Formula (I): —CF ₂ —CFX—
Formula (II): —CH ₂ —CR (CH ₃ ) —
In the formula (I), X is a fluorine atom, a chlorine atom, a hydrogen atom or a trifluoromethyl group. In the formula (II), R is an alkyl group having 1 to 8 carbon atoms.

  The PTFE particles (B) preferably have an average particle diameter in the range of 1 μm to 10 μm, and the weight average molecular weight is in the range of 500 to 500,000, and more preferably in the range of 500 to 20,000. preferable. For PTFE particles (B), for example, Cephalal Lube (trade name, modified PTFE having an average particle diameter of 5 to 10 μm, weight average molecular weight 1500 to 20000) manufactured by Central Glass Co., Ltd. is used.

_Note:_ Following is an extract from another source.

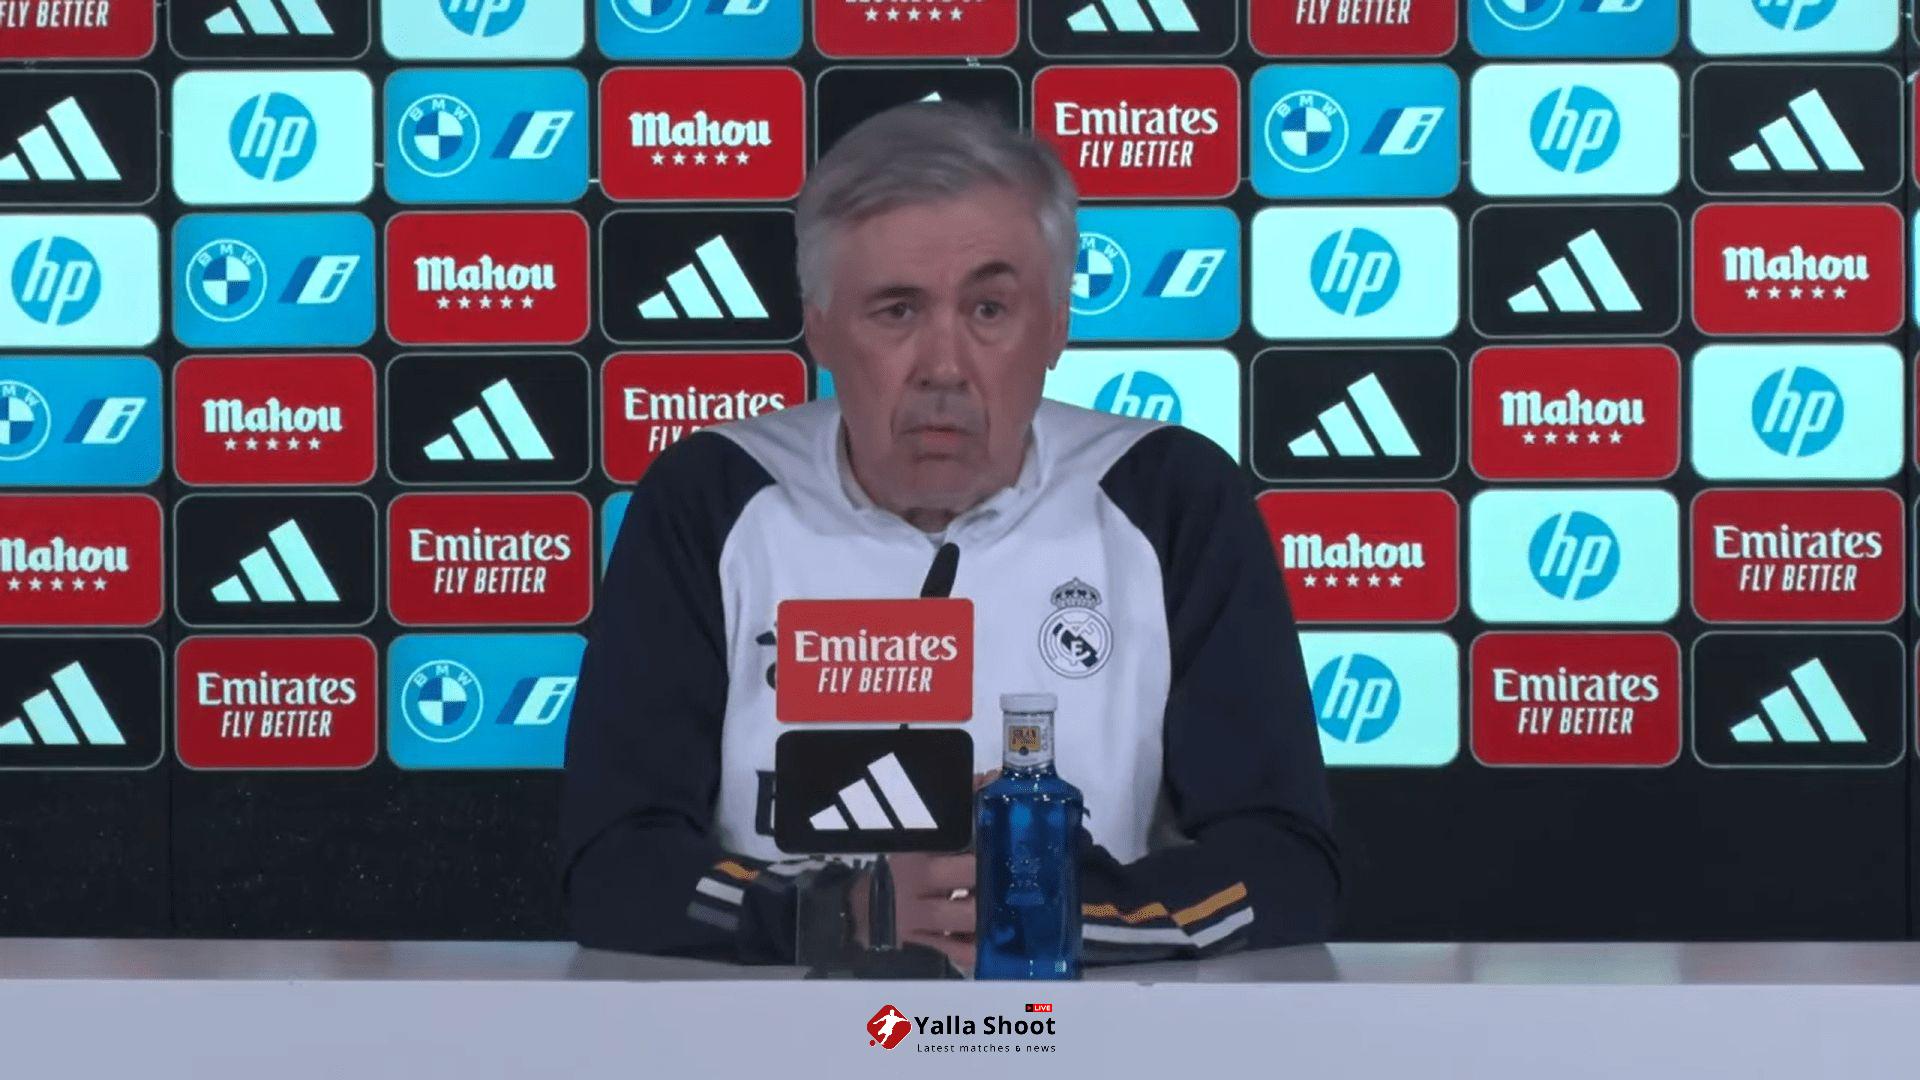 Carlo Ancelotti hits out at Barcelona manager Xavi Hernandez over Real Madrid complaints - "It's not professional"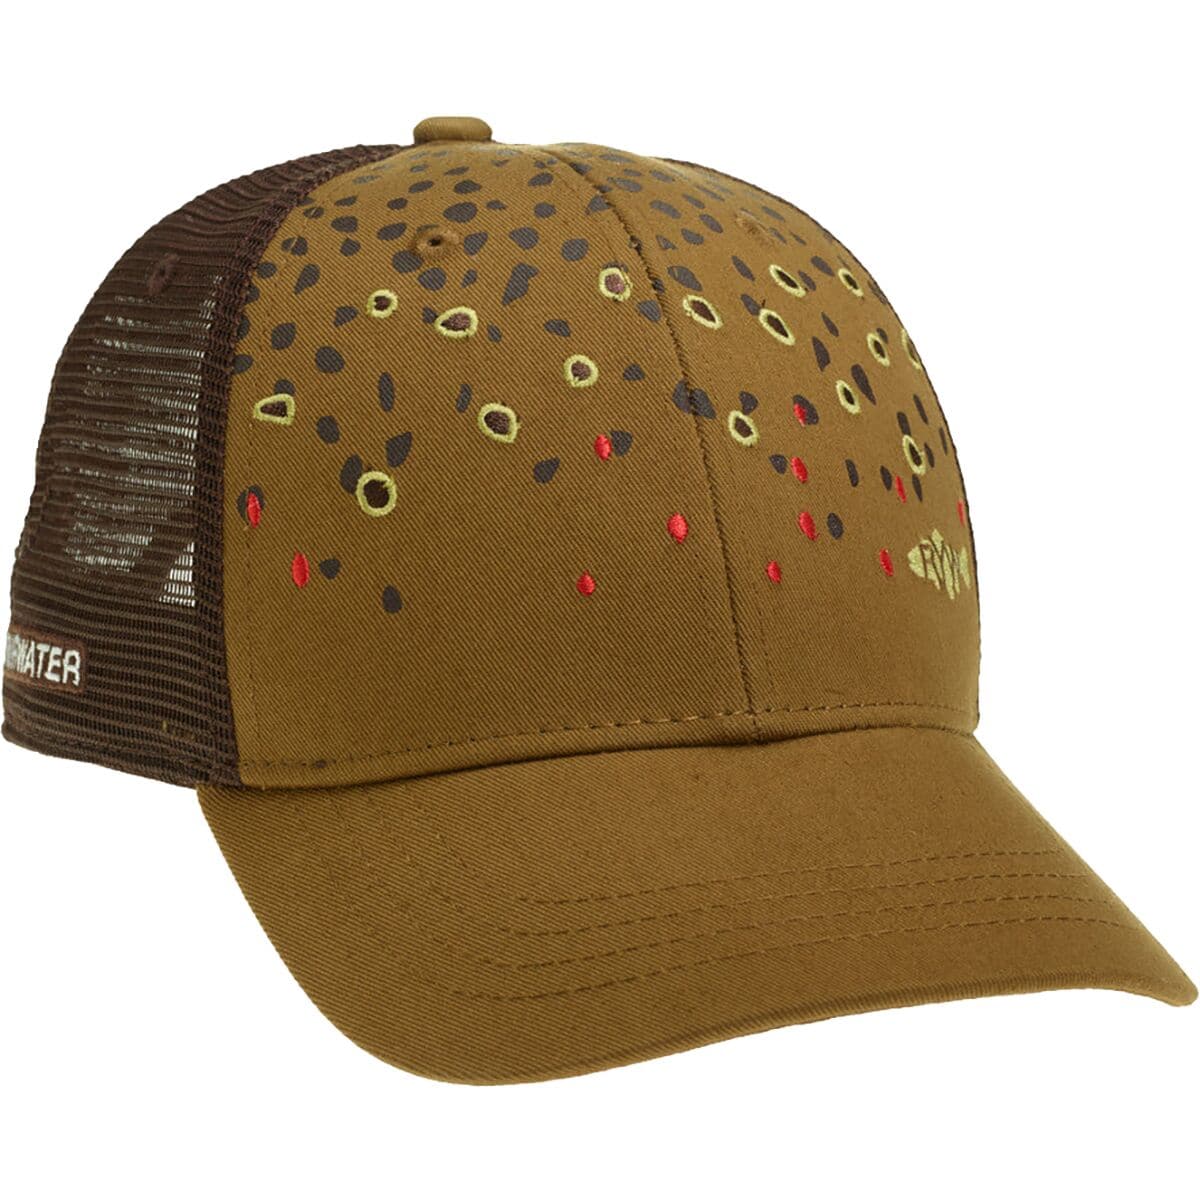 Rep Your Water Brown Trout Skin Trucker Hat

  The dispersant (C) is preferably a polymer containing a repeating unit derived from a vinyl monomer having a perfluoroalkyl group, and a copolymer of the repeating unit and a non-fluorinated vinyl monomer is particularly preferable. . For the dispersing agent (C), for example, Unidyne TG-656 (trade name) manufactured by Daikin Industries, Ltd. is used.

  Further, as the low heat capacity particles (D) which are optional components, particles having a molar heat capacity of 30 Ca / J / (mol · K) or less are preferable, and those having an average particle diameter in the range of 2 μm to 12 μm. preferable. For example, carbon black particles or crystalline carbon black particles are used for the low heat capacity particles (D).

  The solvent (E), which is an optional component, is preferably an organic solvent solvent, more preferably a solvent system in which two or more organic solvents are present, particularly a solvent system containing a polar organic solvent and a nonpolar organic solvent. . For example, butyl acetate is used as the solvent (E).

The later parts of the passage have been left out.